During a debate in parliament about the implementation of the directive in the Netherlands, he emphasised that stricter conditions were not at odds with European legislation.

Koolmees’ remarks were in part a response to comments from Hans van Meerten, professor of European pensions law at Utrecht University, in an article in IPE’s sister publication Pensioen Pro. Van Meerten argued that the same rules must apply to all value transfers under EU law.

Politicians for several Dutch political parties pushed Koolmees for a response. Erik Lutjens – professor of pensions law at Amsterdam’s Free University and a candidate for the senate for 50Plus, the party for older people – agreed that applying stricter conditions for approving a transfer to another EU state violated European law.

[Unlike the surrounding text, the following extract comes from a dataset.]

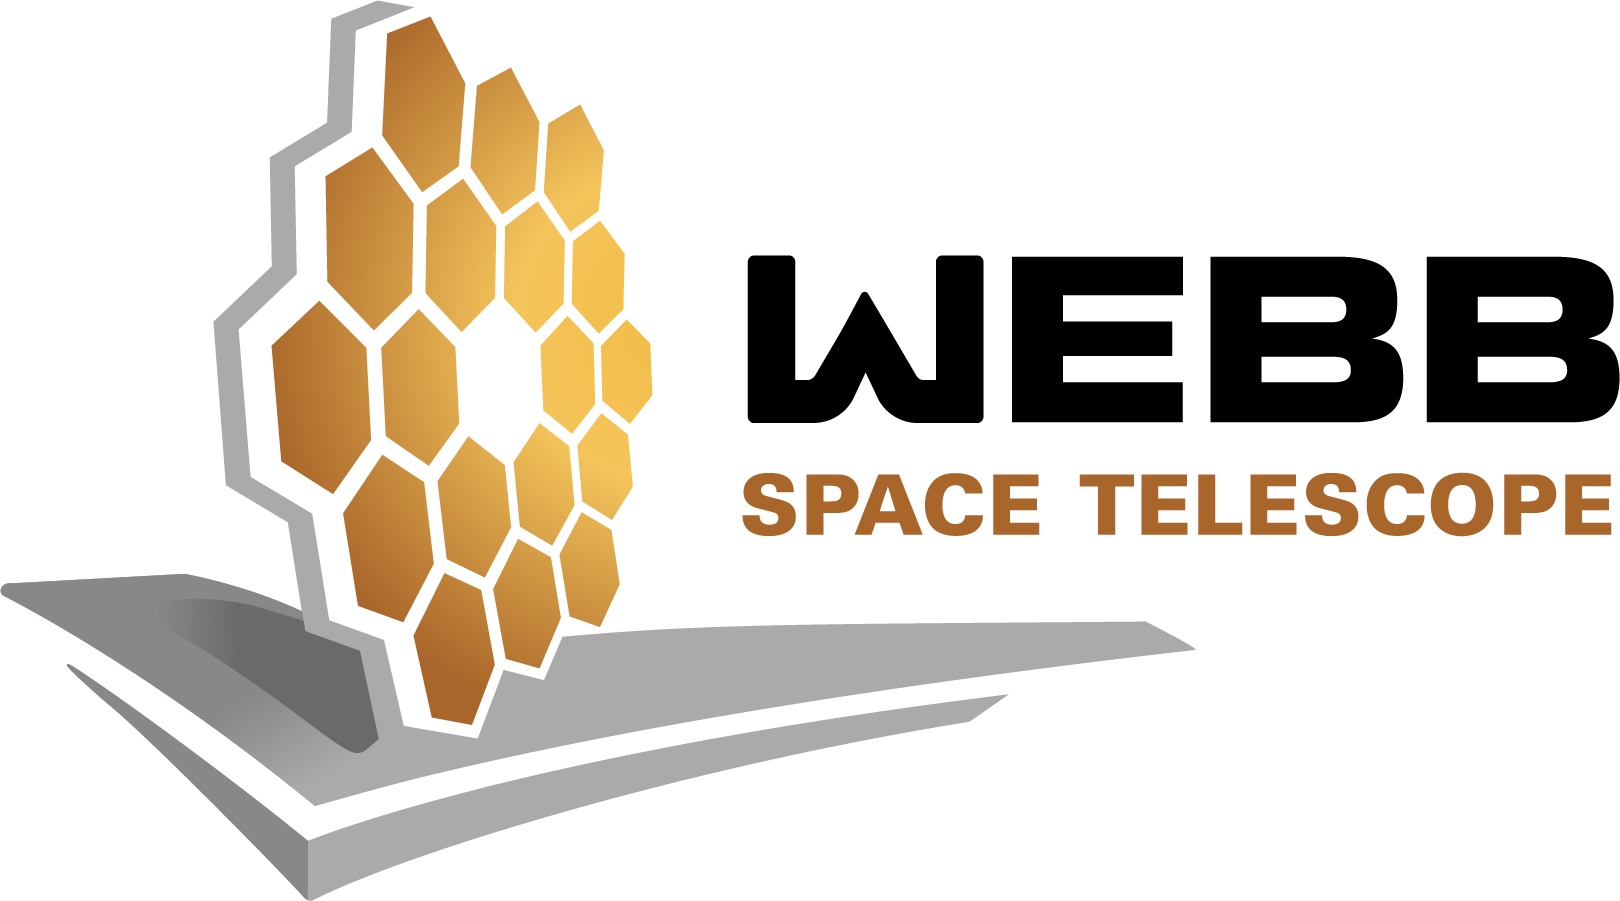 James WEBB Telescope Logo.jpg

Raising barriers for transfers would make it more difficult for foreign pensions providers to implement cross-border arrangements, argued Lutjens. In his opinion, Koolmees’ policy was “an illegal distinction based on place of residence”.

Wouter Koolmees

Wouter Koolmees, the Netherlands’ social affairs minister

However, the minister disputed this conclusion, contending that the crucial element was that the pensions directive itself made the distinction.

He added that this point was extensively scrutinised by the Raad van State, the Netherlands’ highest legal college.

The minister’s explanation, however, didn’t satisfy Martin van Rooijen and Steven van Weyenberg, MPs for the 50Plus and D66 parties, respectively. They said they wanted more clarity.

During the debate, Koolmees advised against adopting an amendment requiring funds transfering out of the Netherlands to be fully funded by Dutch standards, which equated to a funding ratio of at least 125%.

Pieter Omtzigt, CDA

Credit: CDA

MP Pieter Omtzigt argued that Aon’s recent move to Belgium was ‘supervisory arbitrage’

The amendment was tabled by Christian Democrat MP Pieter Omtzigt and Eppo Bruins, for the small religious party Christen Unie.

A transfer within the Netherlands is already possible if a pension scheme’s funding ratio is at least 105%.

The debate about cross-border transfers was triggered by Aon’s decision to move its Dutch pension fund to Belgium. The move improved the scheme’s funding due to a difference between the countries’ regulatory systems.

Koolmees added the stricter conditions to the IORP II implementation bill after several MPs objected to what they saw as “supervisory arbitrage”.